Use of Vitamin C, Thiamine, and Hydrocortisone for Sepsis fails in major study
USA: Treatment with vitamin C, thiamine, and hydrocortisone does not significantly improve ventilator- and vasopressor-free days compared to placebo in critically ill patients, finds a recent study in the journal JAMA. However, a clinically important difference could not have been detected as the trial was terminated early for administrative reasons and may have been underpowered.
Sepsis, body's extreme response to an infection, is a common life-threatening emergency with substantial morbidity and mortality. A combination of thiamine, vitamin C, and corticosteroids has been proposed as a potential treatment for sepsis patients. Jonathan E. Sevransky, Emory University School of Medicine, Atlanta, Georgia, and colleagues aimed to determine whether a combo of these three every 6 hours increases ventilator- and vasopressor-free days compared with placebo in patients with sepsis.
For the purpose, the researchers performed a multicenter, randomized, double-blind, adaptive-sample-size, placebo-controlled trial. The trial was conducted in adult patients with sepsis-induced respiratory and/or cardiovascular dysfunction.
The study included participants enrolled in the emergency departments or intensive care units at 43 hospitals in the US between August 2018 and July 2019. After enrollment of 501 participants, funding was withheld, leading to an administrative termination of the trial.
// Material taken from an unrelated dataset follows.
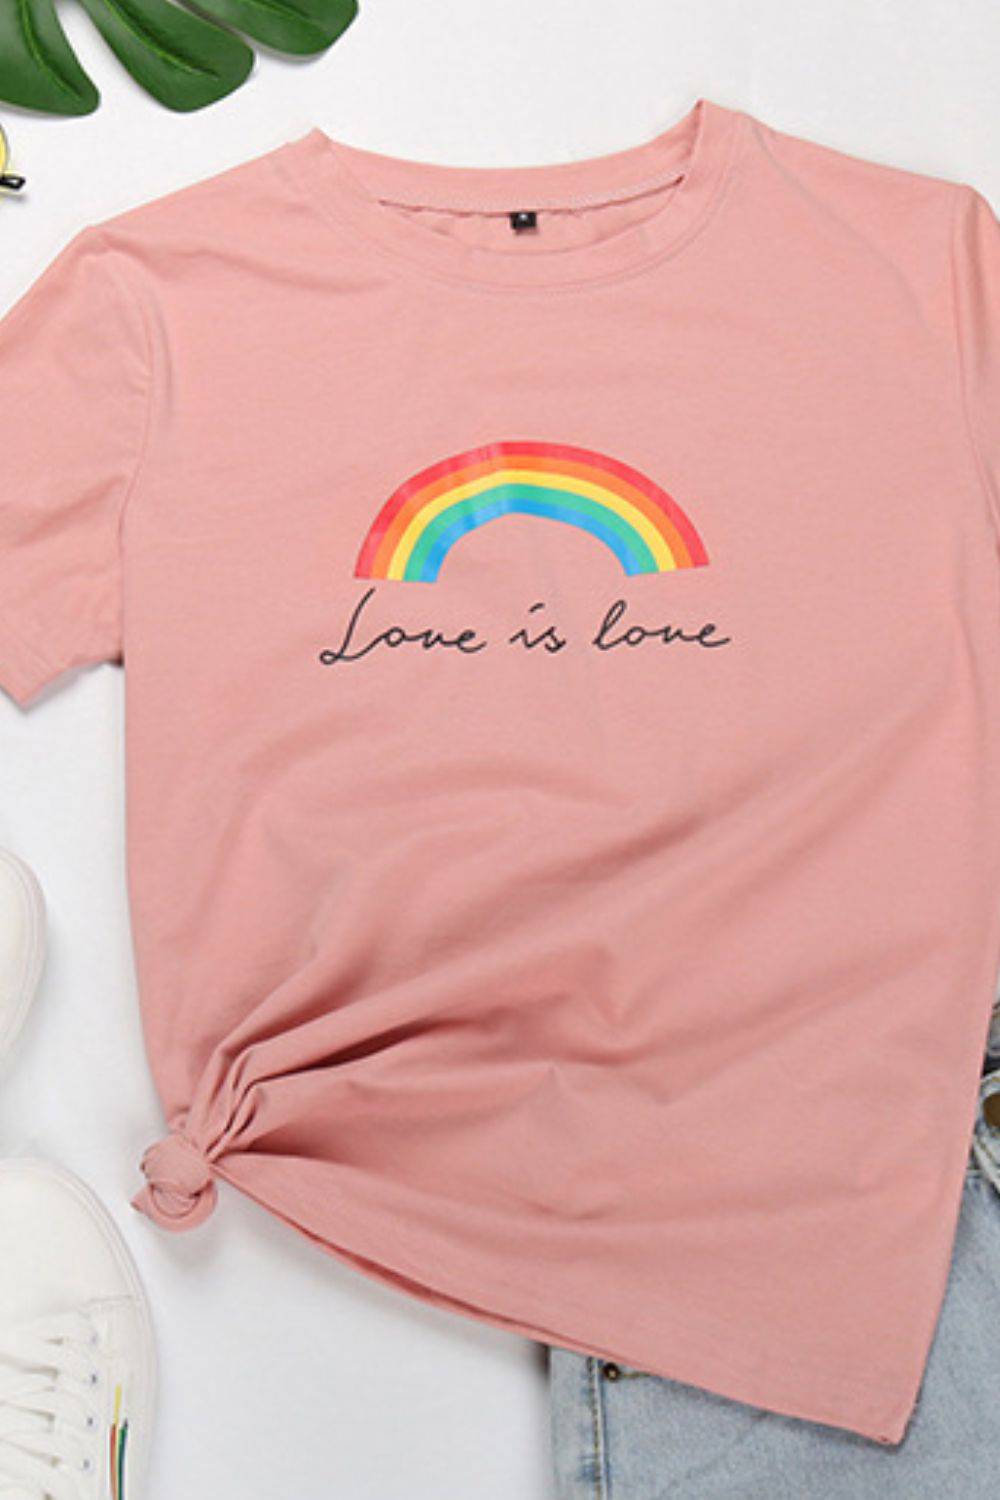 Love is Love - Wear Your Heart on Your Sleeve and Spread Positivity Everywhere You Go! - Guy Christopher

All study-related follow-up was completed by January 2020.
The participants were randomized to receive intravenous vitamin C (1.5 g), thiamine (100 mg), and hydrocortisone (50 mg) every 6 hours (n = 252) or matching placebo (n = 249) for 96 hours or until discharge from the intensive care unit or death.Participants could be treated with open-label corticosteroids by the clinical team, with study hydrocortisone or matching placebo withheld if the total daily dose was greater or equal to the equivalent of 200 mg of hydrocortisone.
The primary outcome was the number of consecutive ventilator- and vasopressor-free days in the first 30 days following the day of randomization. The key secondary outcome was 30-day mortality.
Key findings of the study include:
- Open-label corticosteroids were prescribed to 33% and 32% of the intervention and control groups, respectively.
- Ventilator- and vasopressor-free days were a median of 25 days (IQR, 0-29 days) in the intervention group and 26 days (IQR, 0-28 days) in the placebo group, with a median difference of −1 day.
- Thirty-day mortality was 22% in the intervention group and 24% in the placebo group.
"Among critically ill patients with sepsis, treatment with vitamin C, thiamine, and hydrocortisone, compared with placebo, did not significantly increase ventilator- and vasopressor-free days within 30 days. However, the trial was terminated early for administrative reasons and may have been underpowered to detect a clinically important difference," wrote the authors.
The study titled, "Effect of Vitamin C, Thiamine, and Hydrocortisone on Ventilator- and Vasopressor-Free Days in Patients With Sepsis: The VICTAS Randomized Clinical Trial," is published in the journal JAMA.